Net Income Attributable to Flanigan’s Enterprises, Inc. Stockholders. Net income attributable to stockholders for the twenty-six weeks ended April 2, 2022 decreased $7,000 or 0.22% to $3,224,000 from $3,231,000 for the twenty-six weeks ended April 3, 2021 due primarily to increased revenue at our retail package liquor stores and restaurants during the twenty-six weeks ended April 2, 2022 and the Recent Price Increases, partially offset by higher food costs and overall expenses. During the twenty-six weeks ended April 2, 2022, due to losses attributable to the 2022 Sunrise Restaurant and a lesser extent the 2022 Miramar Restaurant, there was less of a gain attributable to the noncontrolling interests as compared to a gain for the twenty-six weeks ended April 3, 2021 which contributes to the net income attributable to Flanigan’s Enterprises, Inc. Stockholders for the twenty-six weeks ended April 2, 2022. As a percentage of revenue, net income attributable to stockholders for the thirteen weeks ended April 2, 2022 is 4.15%, as compared to 4.92% for the twenty-six weeks ended April 3, 2021.

 

New Limited Partnership Restaurants

 

As new restaurants open, our income from operations will be adversely affected due to our obligation to advance pre-opening costs, including but not limited to pre-opening rent for the new locations. During the twenty-six weeks ended April 2, 2022, we opened one new restaurant location in Sunrise, Florida for business as a new “Flanigan’s” and a second new restaurant location in Miramar, Florida in the development stage, to house a new “Flanigan’s”. Rent for the new restaurant location in Miramar, Florida commenced during the second quarter of our fiscal year 2022.

 

25 

Index 

Menu Price Increases and Trends

 

During the twenty-six weeks ended April 2, 2022, we increased menu prices for our food offerings (effective October 3, 2021 and December 19, 2021, respectively) to target an aggregate increase to our food revenues of approximately 8.83% annually and we increased menu prices for our bar offerings (effective December 12, 2021) to target an increase to our bar revenues of approximately 7.80% annually to offset higher food and liquor costs and higher overall expenses. Prior to these increases, we previously raised menu prices in the third quarter of our fiscal year 2021.

 

COVID-19 has and will continue to materially and adversely affect our restaurant business for what may be a prolonged period of time. This damage and disruption has resulted from events and factors that were impossible for us to predict and are beyond our control. As a result, COVID-19 has materially adversely affected our results of operations for our fiscal year 2021, as well as the twenty-six weeks ended April 2, 2022 and will, in all likelihood, impact our results of operations, liquidity and/or financial condition throughout our fiscal year 2022. The extent to which our restaurant business may be adversely impacted and its effect on our operations, liquidity and/or financial condition cannot be accurately predicted.

 

Liquidity and Capital Resources

We fund our operations through cash from operations and borrowings from third parties. As of April 2, 2022, we had cash of approximately $40,666,000, an increase of $7,990,000 from our cash balance of $32,676,000 as of October 2, 2021. During the twenty-six weeks ended April 2, 2022, we generated proceeds from the closing of the sale, in a private offering, of limited partnership interests in (i) CIC Investors #85, Ltd., the limited partnership which owns and operates the 2022 Sunrise Restaurant, of $5,000,000, of which we invested $370,000 and (ii) CIC Investors #25, Ltd., the limited partnership which owns and is developing the “Flanigan’s” restaurant located at 11225 Miramar Parkway, Suite 250, Miramar, Florida 33025 of $4,000,000. Capital raised from private investors in the private offerings is credited to sale of noncontrolling interests in our Statements of Stockholders’ Equity.
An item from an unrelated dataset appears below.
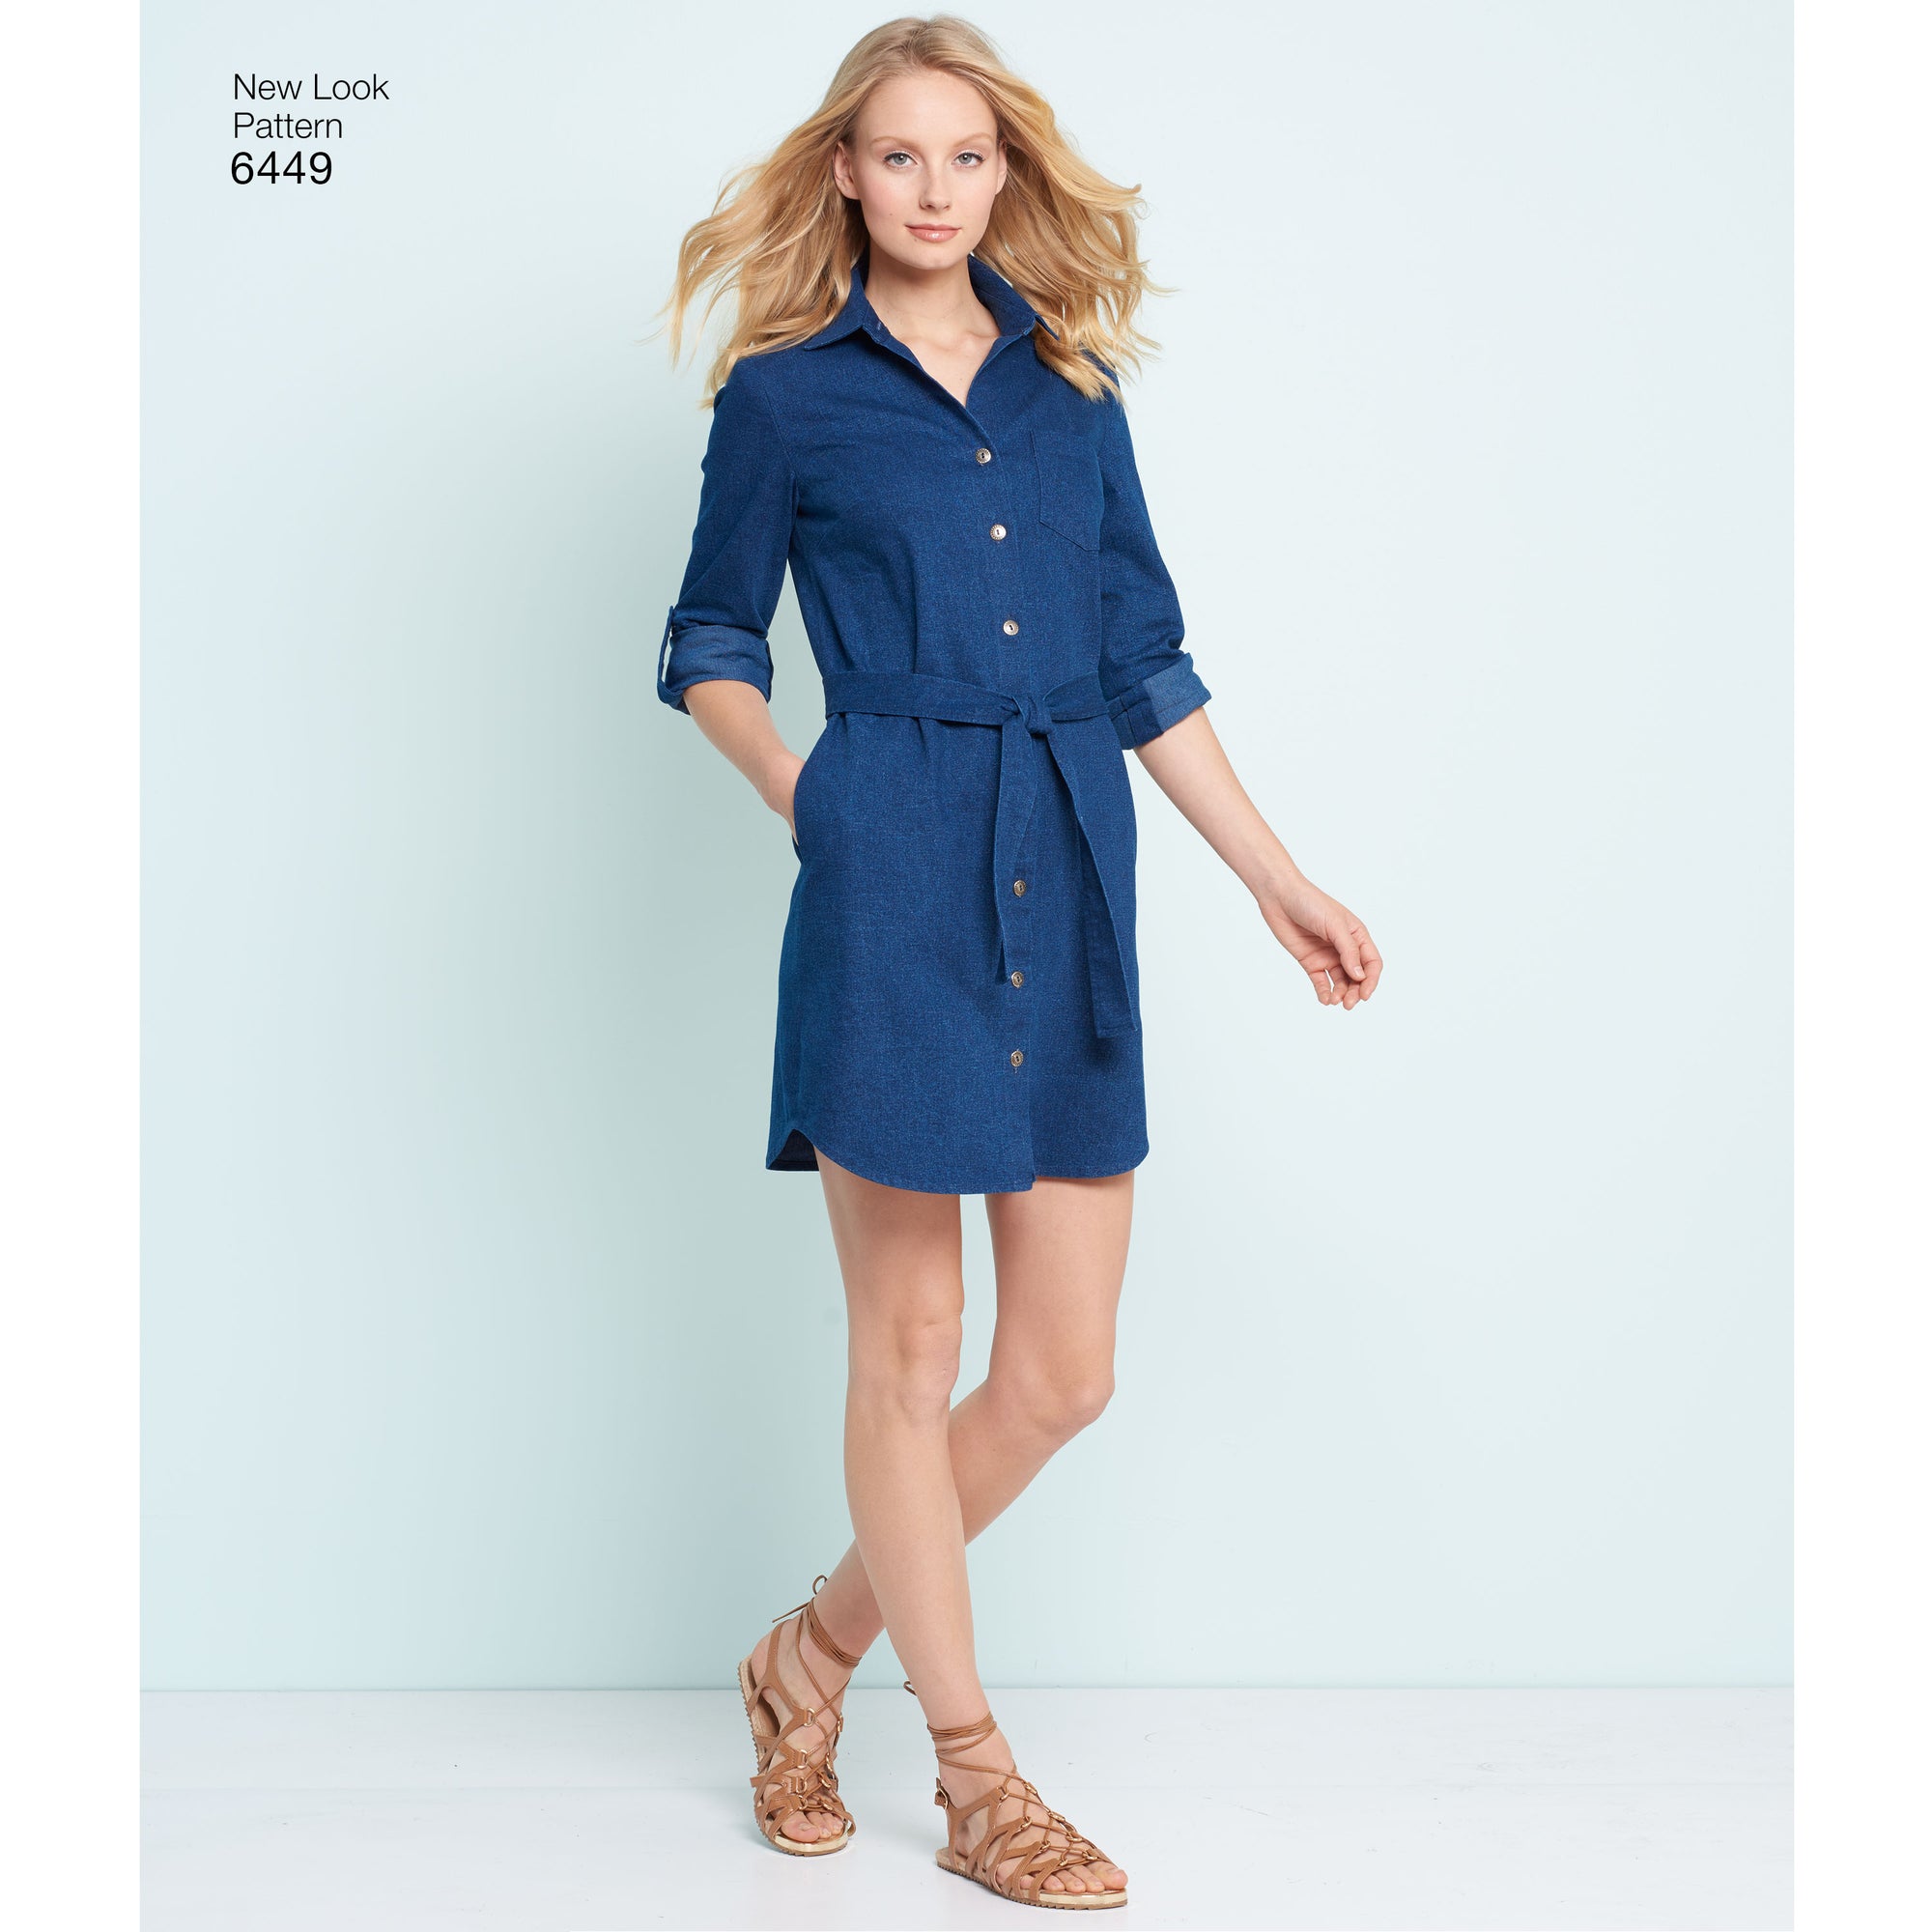 6449 Misses' Easy Shirt Dress and Knit Dress

During the second quarter of our fiscal year 2021, certain of the entities owning the limited partnership stores (the “LP’s”), as well as the store we manage but do not own (the “Managed Store”) (collectively, the “Borrowers”), applied for and received loans from an unrelated third party lender (the “Lender”) pursuant to the Paycheck Protection Program (the “PPP”) under the Coronavirus Aid, Relief, and Economic Security Act (the “CARES Act”) enacted March 27, 2020, in the aggregate principal amount of approximately $3.98 million (the “2nd PPP Loans”), of which approximately: (i) $3.46 million was loaned to six (6) of the LP’s; and (ii) $0.52 million was loaned to the Managed Store. During first quarter of our fiscal year 2022, we applied for forgiveness for all PPP Loans, including the Managed Store, and as of April 2, 2022, the entire amount of principal and accrued interest was forgiven under the 2nd PPP Loans. During the third quarter of our fiscal year 2021, we generated net proceeds of $2.8 million from the re-finance of our mortgage loan encumbering the real property and improvements located at 13105 – 13205 Biscayne Boulevard, North Miami, Florida where our Flanigan’s Seafood Bar and Grill restaurant and Big Daddy’s Liquors retail package liquor store operate (Store #20) with an unrelated third-party lender, increasing the principal amount borrowed from $1.5 million to $4.3 million. During the second quarter of our fiscal year 2021, we closed on the purchase of the real property and improvements located at 14301 West Sunrise Boulevard, Sunrise, Florida where we are developing a “Flanigan’s Seafood Bar and Grill” restaurant (Store #85) for $4,800,000. We financed this acquisition with a loan from an unrelated third-party lender in the principal amount of $2.2 million and paid cash for the balance. During the first quarter of our fiscal year 2021, we closed on the purchase of the real property and improvements located at 5450 N. State Road 7, North Lauderdale, Florida where we operate a combination “Flanigan’s Seafood Bar and Grill” restaurant and “Big Daddy’s Liquors” package liquor store (Store #40) and paid $1,200,000 cash at closing.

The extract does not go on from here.